Spicy Honey Garlic Chicken Meal Prep Bowl


  • Author: Sofia
  • Total Time: 35 minutes
  • Yield: Serves 4

Description

Looking to spice up your meal prep routine? The Spicy Honey Garlic Chicken Meal Prep Bowl is a vibrant and satisfying dish that marries tender chicken with a sweet and spicy glaze. This bowl packs in flavors from fresh garlic and crushed red pepper, creating an irresistible combination that’s perfect for lunch or dinner. With nutritious veggies like spinach and bell peppers alongside fluffy rice, this recipe is not only delicious but also wholesome.


Ingredients

Scale
  • 1 lb chicken breast chunks
  • 3 cloves garlic, minced
  • 2 tablespoons olive oil
  • 2 tablespoons soy sauce
  • 2 tablespoons honey
  • 1 teaspoon crushed red pepper flakes
  • Salt & black pepper to taste
  • 2 cups fresh spinach leaves
  • 1 cup red bell pepper strips
  • 1 cup cherry tomatoes
  • 3 cups steamed white rice

Instructions

  1. In a large skillet over medium heat, add olive oil. Once heated, sauté minced garlic until fragrant.
  2. Add chicken breast chunks and cook until golden brown on all sides (about 5-7 minutes).
  3. Stir in soy sauce, honey, crushed red pepper flakes, salt, and black pepper; allow the mixture to bubble until it thickens into a sticky glaze.
  4. Toss in red bell pepper strips briefly to keep them crisp while absorbing flavor.
  5. In meal prep containers, layer fresh spinach leaves at the bottom, then top with glazed chicken and peppers followed by cherry tomatoes.
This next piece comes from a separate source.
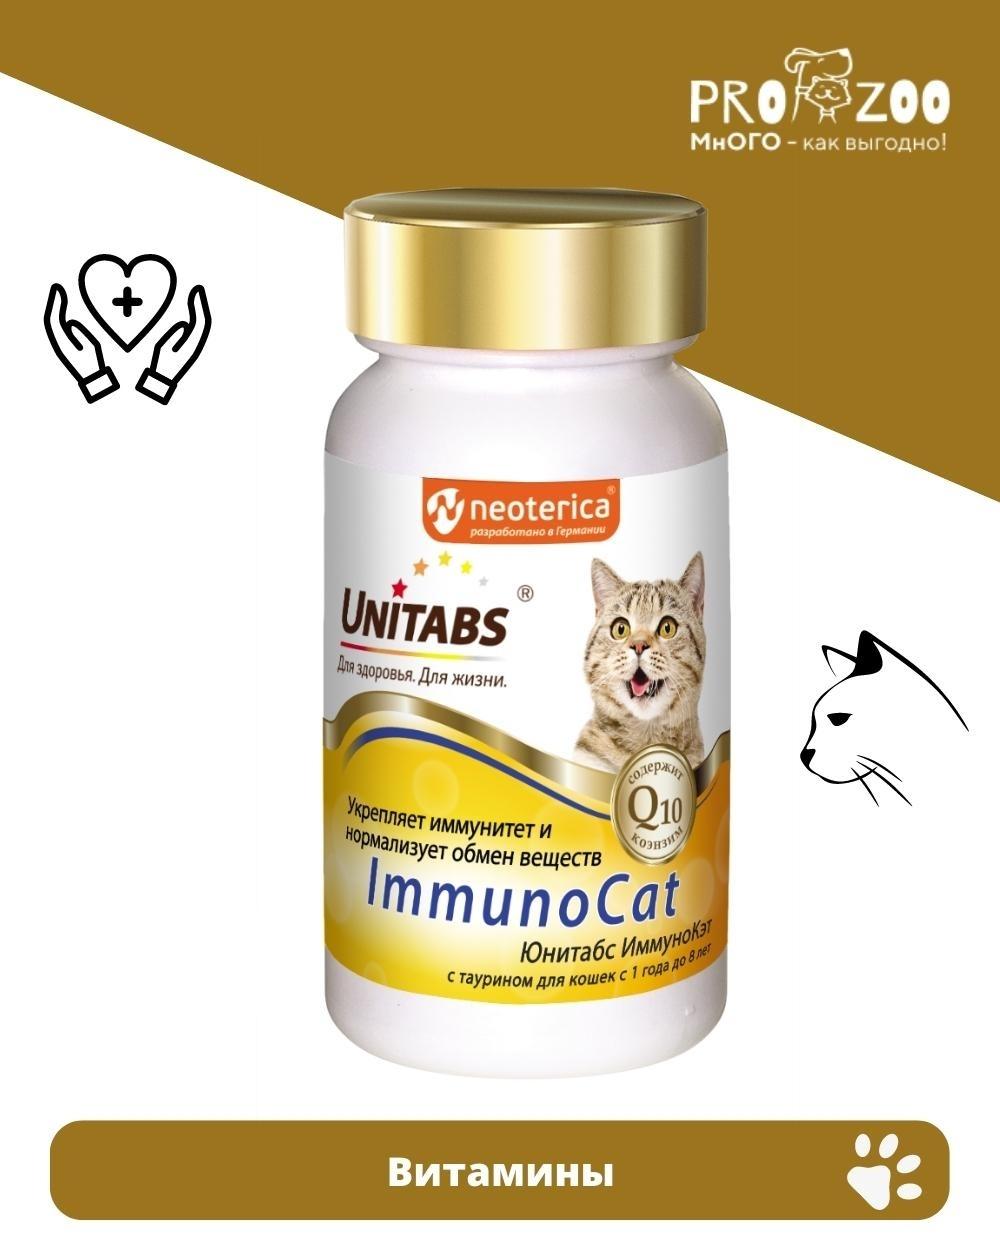 Витамины Unitabs Immuno Cat для иммунитета для кошек, 120 шт 1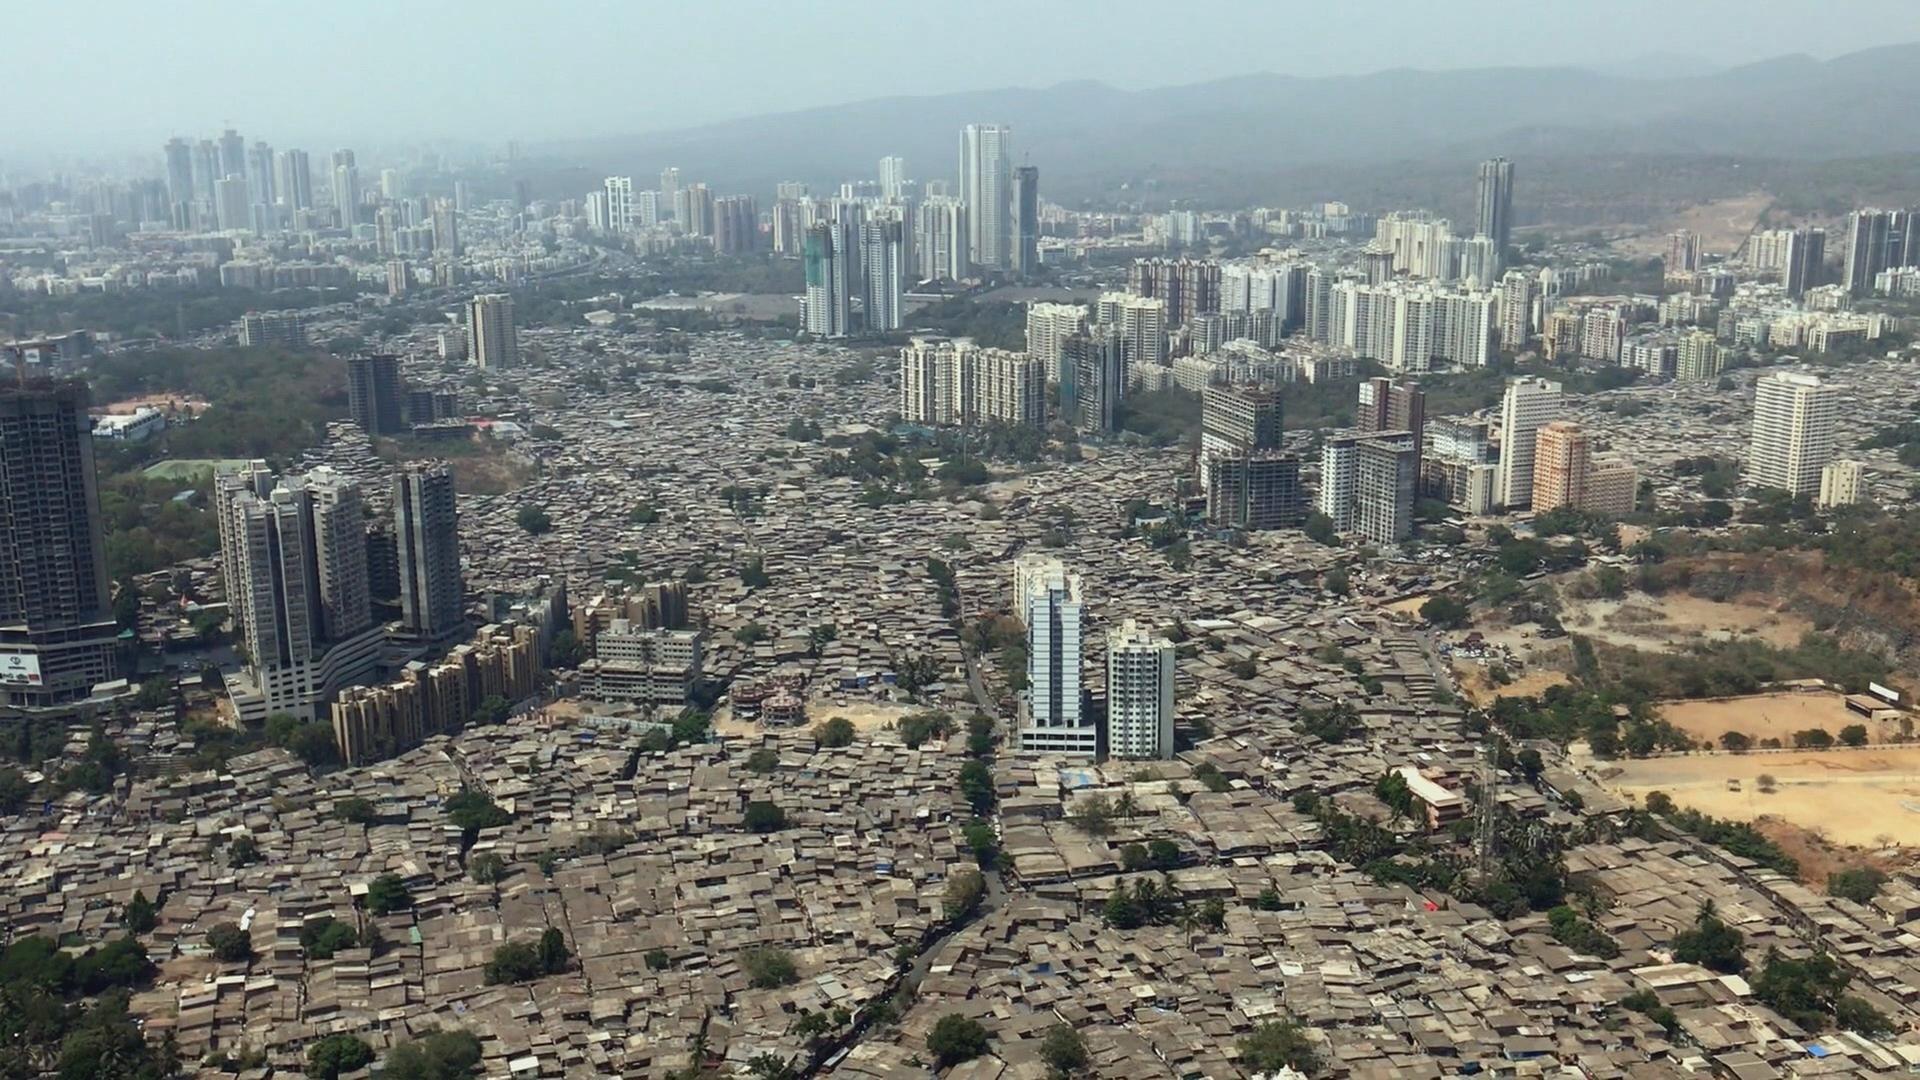 Luftaufnahme Mumbai: Zwischen vielen Hochhäusern ist eine große Fläche mit flachen Häusern zu sehen.

Serve with steamed rice on the side.
  6. Enjoy immediately or cool before sealing for later meals.
  • Prep Time: 15 minutes
  • Cook Time: 20 minutes
  • Category: Main
  • Method: Sautéing
  • Cuisine: Asian

Nutrition

  • Serving Size: 1 serving
  • Calories: 510
  • Sugar: 14g
  • Sodium: 870mg
  • Fat: 18g
  • Saturated Fat: 3g
  • Unsaturated Fat: 11g
  • Trans Fat: 0g
  • Carbohydrates: 56g
  • Fiber: 4g
  • Protein: 32g
  • Cholesterol: 96mg

Keywords: Customize your bowl by swapping vegetables or protein options such as tofu or shrimp. For added zest, consider garnishing with lime juice or sesame seeds.